- Download an up to date .pdf version of the whole-mount-staining-bench-protocol-methanol-dec-2016
- See the log of protocol updates to check which version you have, and why it was eventually changed
- Download files for 3D printed imaging chambers. These can be used for imaging with a 2-photon or confocal microscope.
Recommendations for sample handling
Times and volumes given are a general guideline and could be slightly shorter or longer for specific applications. We recommend trimming the sample to a size most relevant for the specific biological question to insure the best staining and imaging conditions.

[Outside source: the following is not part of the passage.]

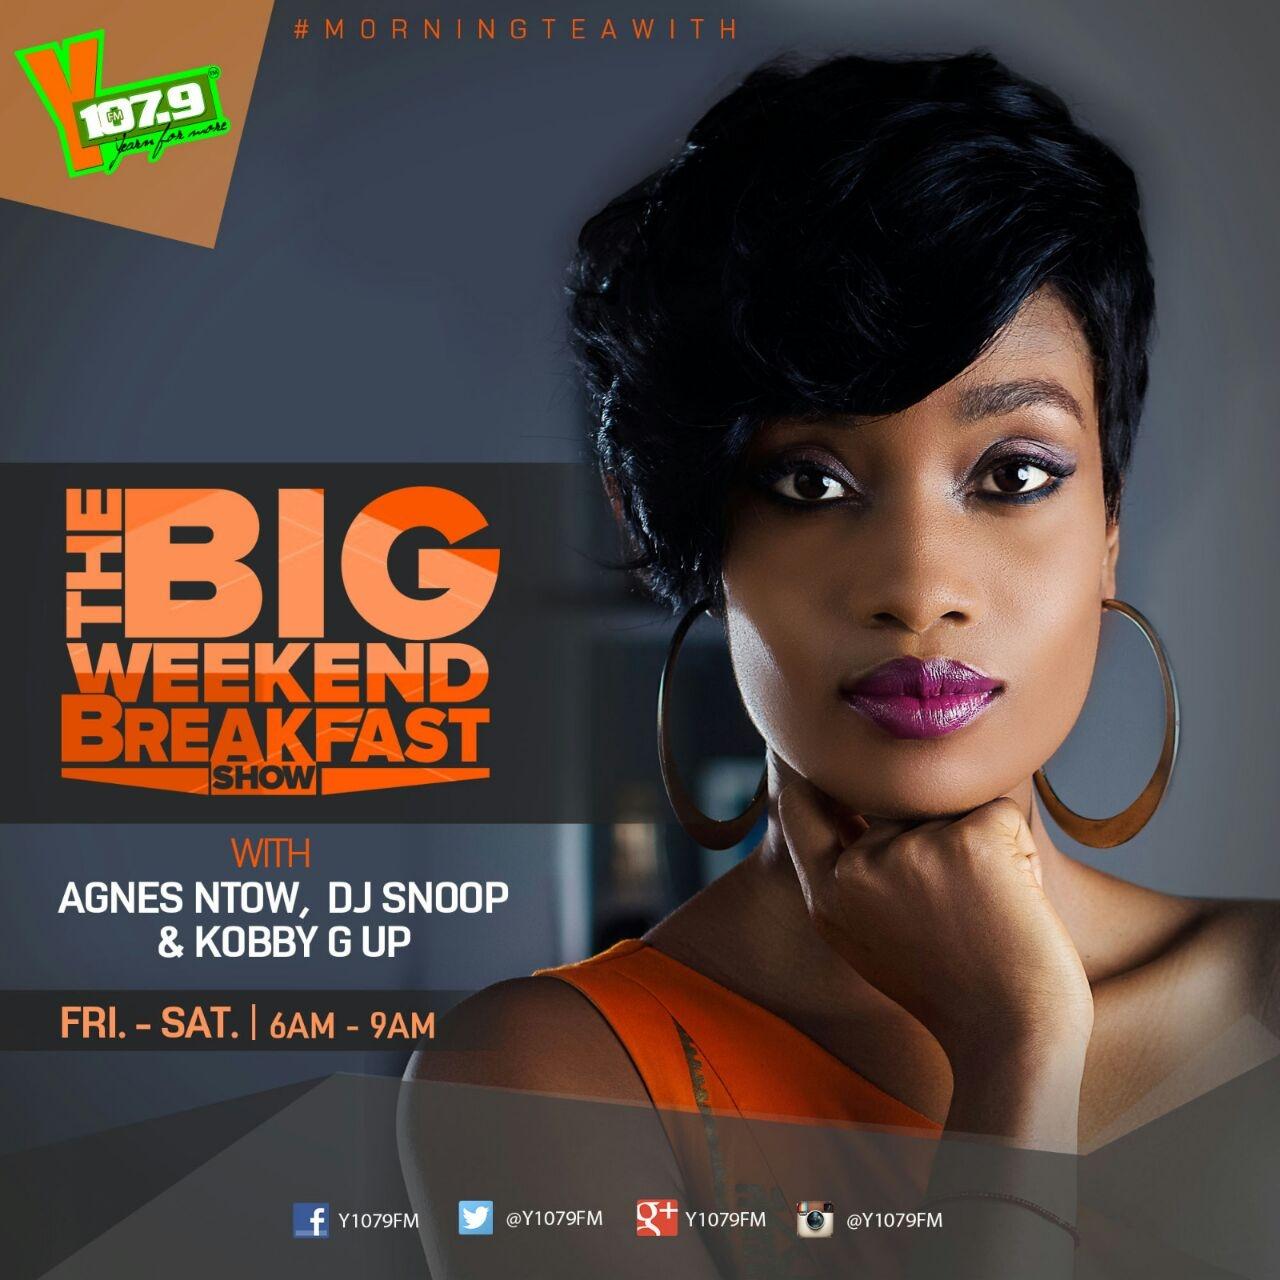 The Big Weekend Breakfast Show

We recommend against using multi-well plates for the staining procedure. While convenient, the sample will be in more contact with air, which will degrade the quality of the tissue background. We use 2mL Eppendorf tubes for most incubations (1.6mL of solution+sample), and 5mL Eppendorf tubes for large samples (whole mouse brains) and for washes of all samples.
|Sample type (Mouse)||Incubation time for Ab (n=)||Antibody solution volume||Wash solution volume|
|E18 embryo (whole head)||4d||4ml||4ml|
|Adult hindbrain + cerebellum||3d||2ml||2ml|
|Forebrain (without cortex)||3d||2ml||2ml|
|Whole brain||4 to 6d||4ml||4ml|
To assess the methanol compatibility of untested antibodies, we recommend doing the following:
- Collect 20µm frozen sections of the PFA fixed tissue of interest on superfrost slides.

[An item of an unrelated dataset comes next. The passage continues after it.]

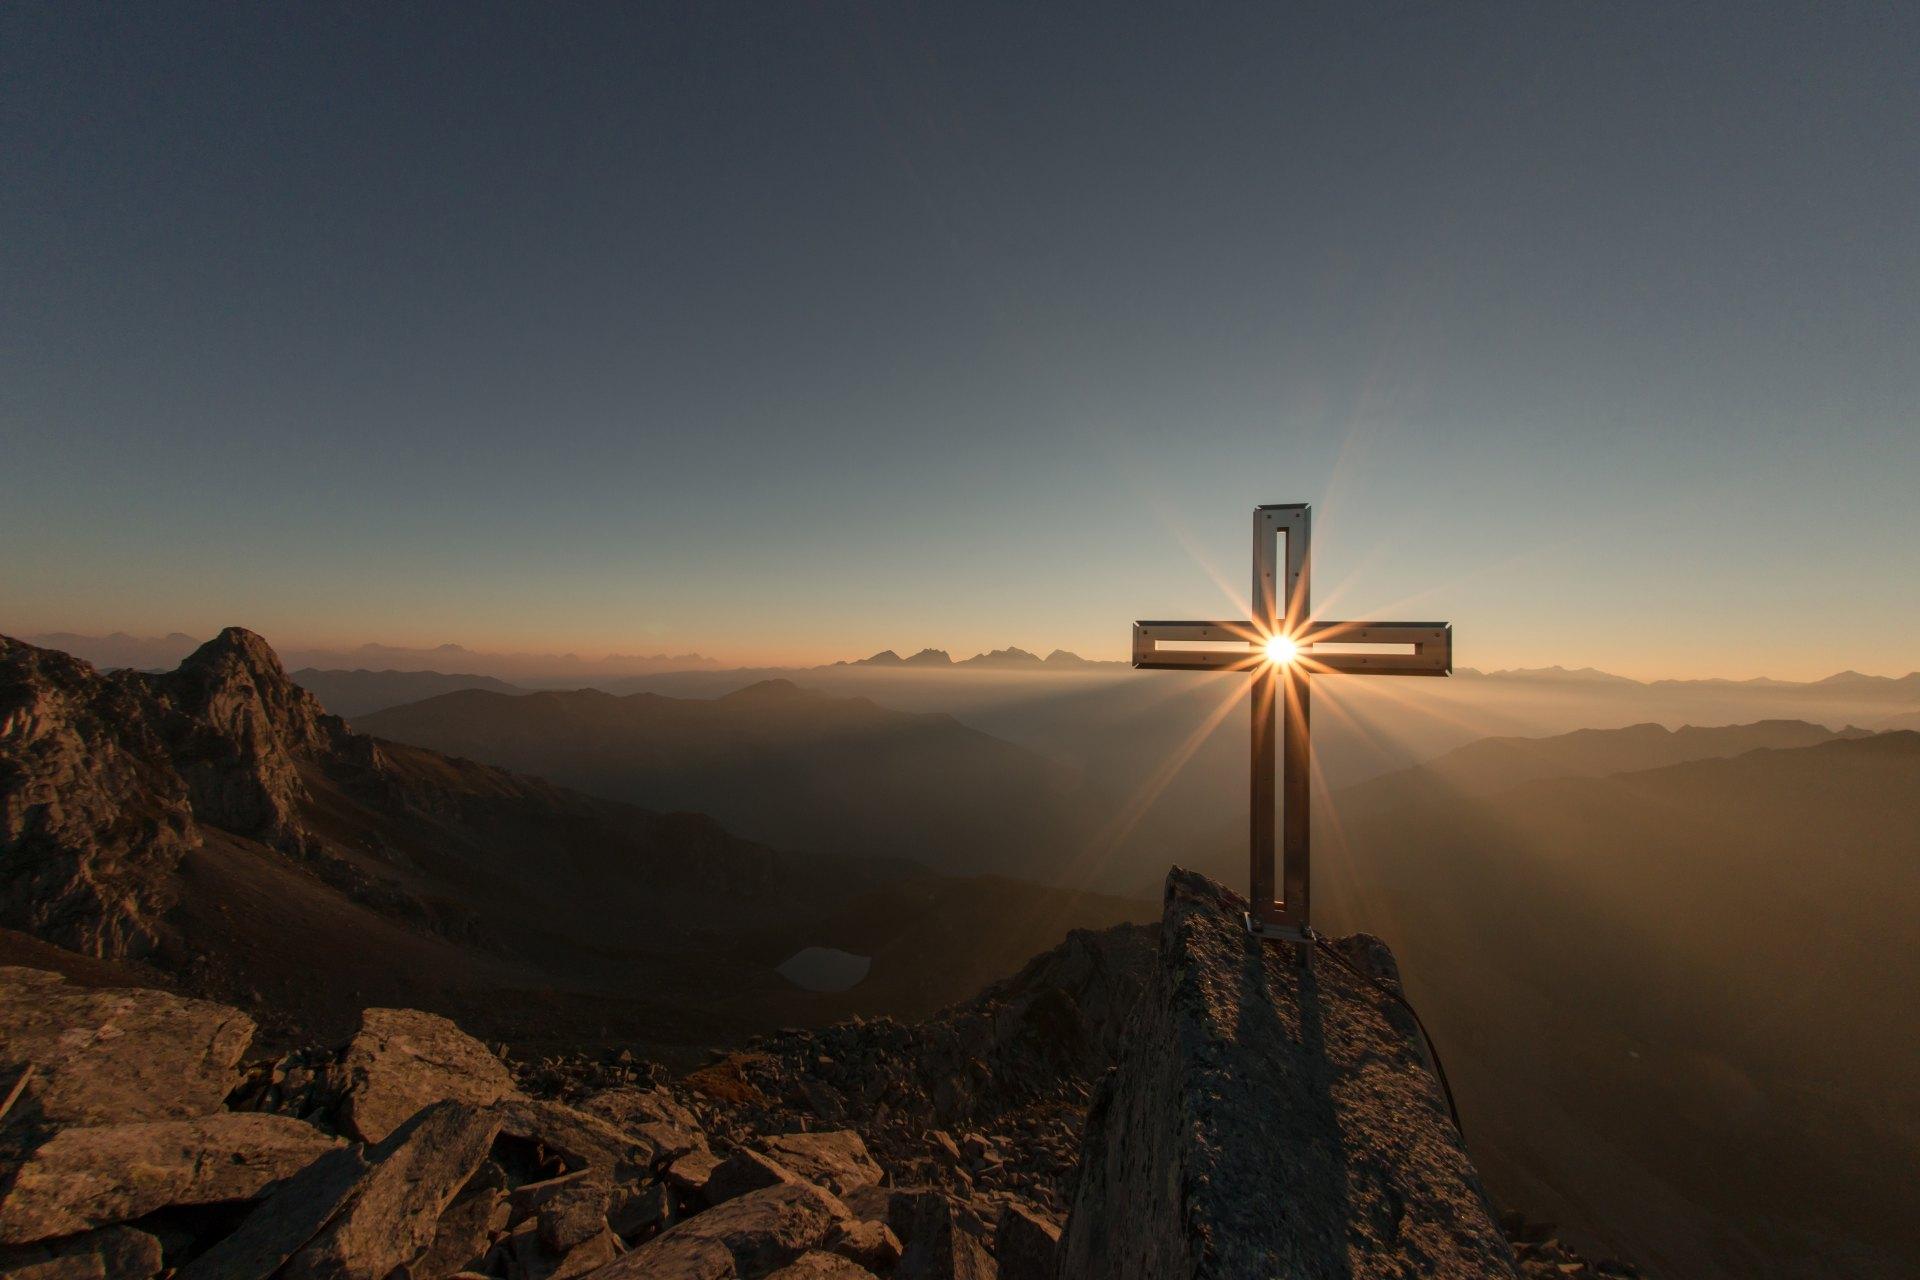 Eberhard Grossgasteiger Cross the Sun

- Incubate the slides for 3h in 100% methanol
- Rehydrate in PBS directly and proceed with the immunostaining normally. Use non methanol treated slides as a positive control.
If the antibody yields a good signal to noise ratio, the antibody is then compatible with the methanol pretreatment and should work well in whole-mount. If the signal is strongly diminished after the methanol pretreatment, one can use the non-methanol protocol, or test alternative antibodies against the target protein.